Mentre sono in corso studi sull’embrione di dinosauro che fa ripensare alle fantascientifiche immagini del celebre film Jurassic Park, lo scorso dicembre un collezionista italiano si è aggiudicato per 300 mila euro il fossile completo di un Hypacrosaurus, erbivoro di 70 milioni di anni fa, appartenente alla famiglia degli adrosauridi, dinosauri detti “dal becco d’anatra” perché avevano il muso schiacciato proprio come quello delle anatre.
Questo rettile di oltre quattro metri, ritrovato negli Usa, molto probabilmente non finirà in un museo, ma in un salotto. Si sta infatti diffondendo una nuova forma di collezionismo, che porta ad acquistare gli scheletri riassemblati di enormi animali preistorici come fossero vere e proprie opere d’arte, al pari di quadri o mobili antichi.
Non sono solo i grandi collezionisti ad investire, come nel caso della vendita del T-Rex Stan, che prende nome da Stan Sacrison che lo scoprì in South Dakota nel 1987, battuto lo scorso ottobre da Christie’s all’interno di un’asta di arte moderna e contemporanea all’incredibile cifra di 31,8 milioni di dollari, tanto per citare uno dei casi più famosi. Il mercato dei fossili, nato negli Stati Uniti, dove l’ingresso delle grandi Case d’Asta e la partecipazione come attori principali di Musei di Scienze Naturali di tutto il mondo ha dato un forte impulso iniziale, si è progressivamente esteso fino a ricomprendere anche piccoli investitori.

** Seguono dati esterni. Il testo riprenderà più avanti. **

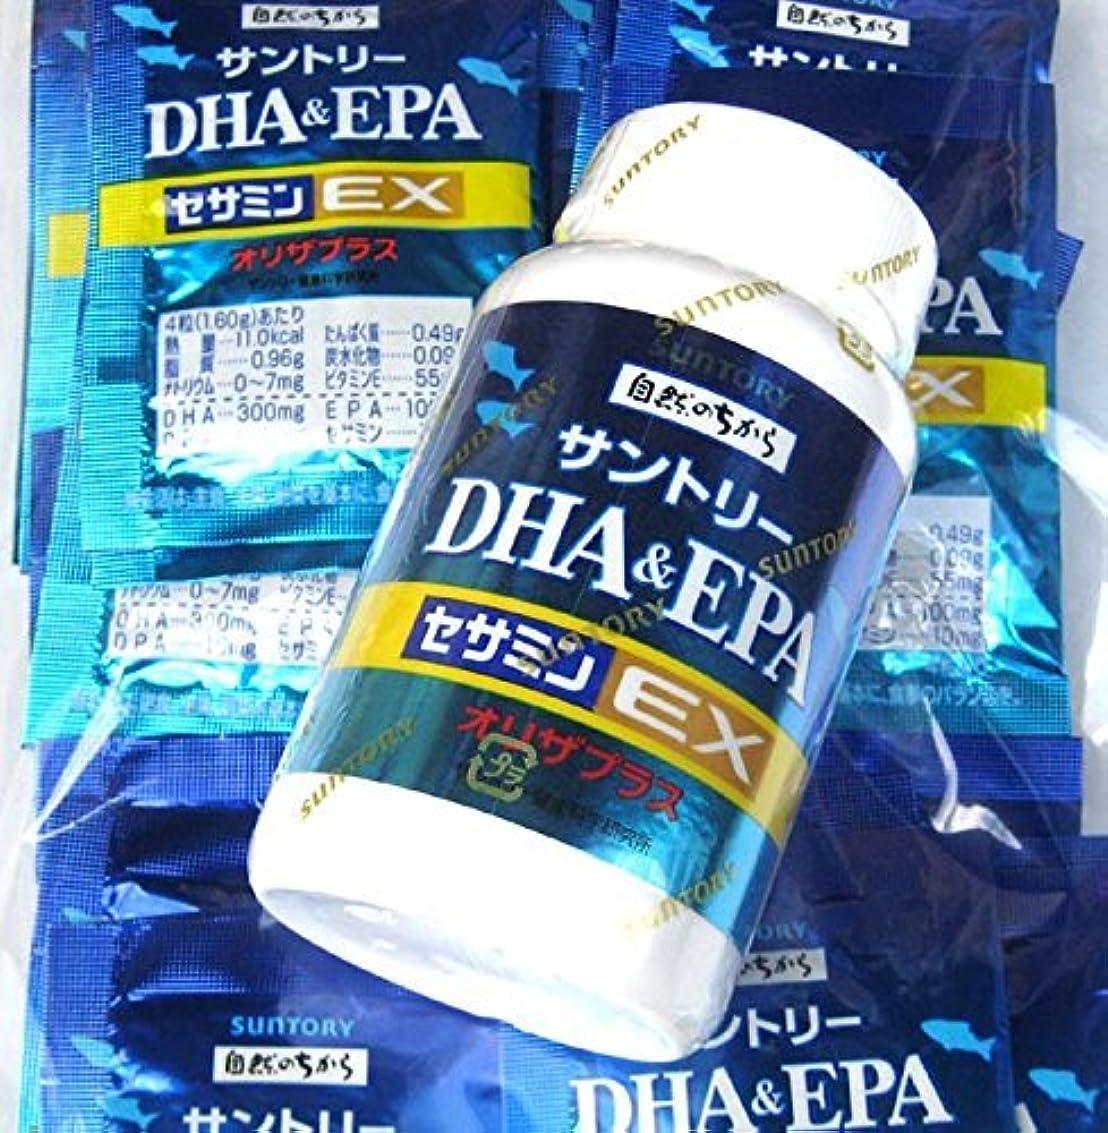 工場重荷評価するサントリー DHA&EPA+セサミンEX 360粒 (240粒+120粒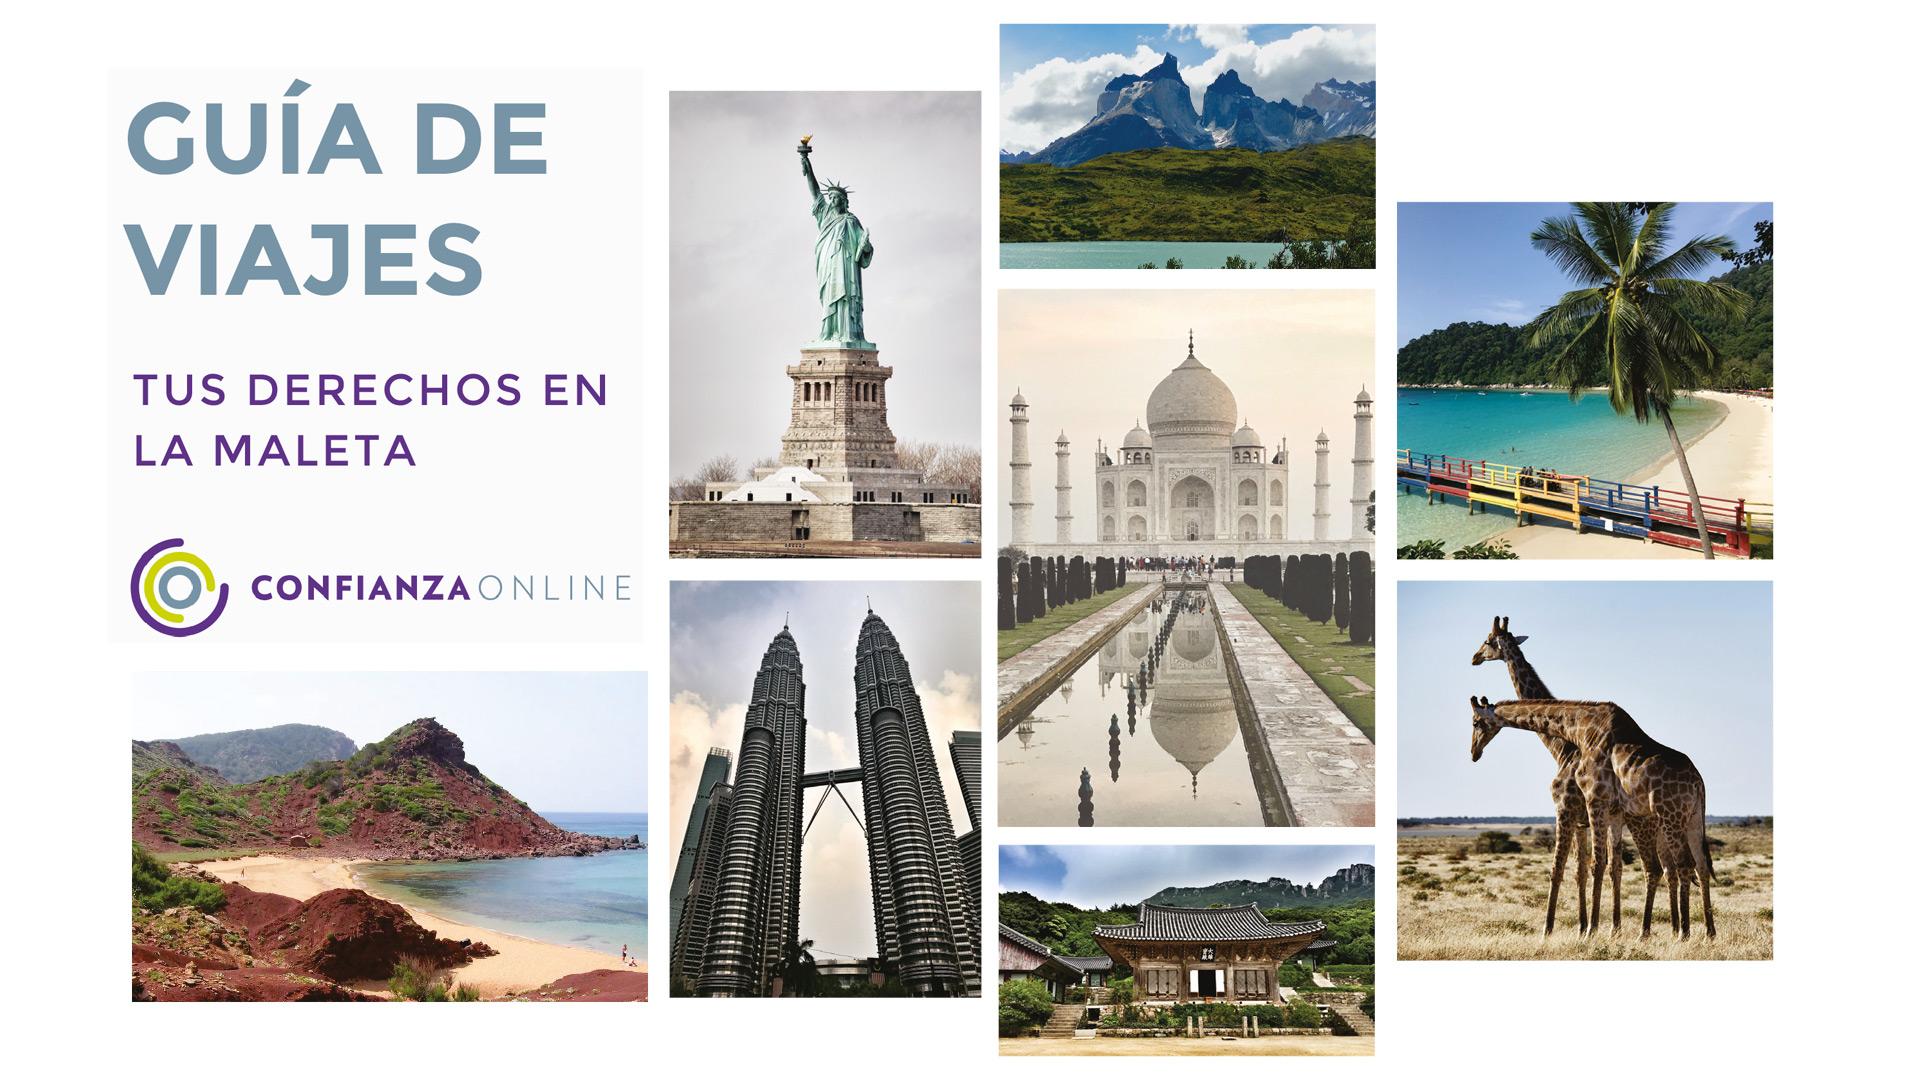 Guía de Viajes y Turismo

In Europa, il settore è cresciuto a partire dal 2006 circa e, dopo gli strascichi della crisi mondiale degli anni successivi al 2008, ha avuto una forte ripresa che non è stata interrotta dalla pandemia in corso. Anzi, negli ultimi tempi si sono diffuse anche le aste online, che, grazie anche ai prezzi accessibili – da mille o duemila euro per delle lastre di pesci fossili – hanno coinvolto un sempre maggior numero di investitori.
Secondo alcuni analisti del mercato, però, i veri dinosauri non sarebbero quei fossili che ora tanto interessano collezionisti e investitori privati, ma le banche di investimento più grandi del mondo, le prime dieci delle quali movimentano da sole gran parte della finanza globale. Essere dinosauri, in questo caso, significa perciò essere sistemici, con tutte le conseguenze che questo fatto comporta. Le banche di investimento sono fra i principali pilastri del sistema finanziario insieme alle banche centrali e alle controparti centrali. Difficile quindi non pensare che le vicende che le riguardano strettamente non contagino l’intero sistema finanziario, come nel caso della crisi innescata dal fallimento di Lehmann Brothers.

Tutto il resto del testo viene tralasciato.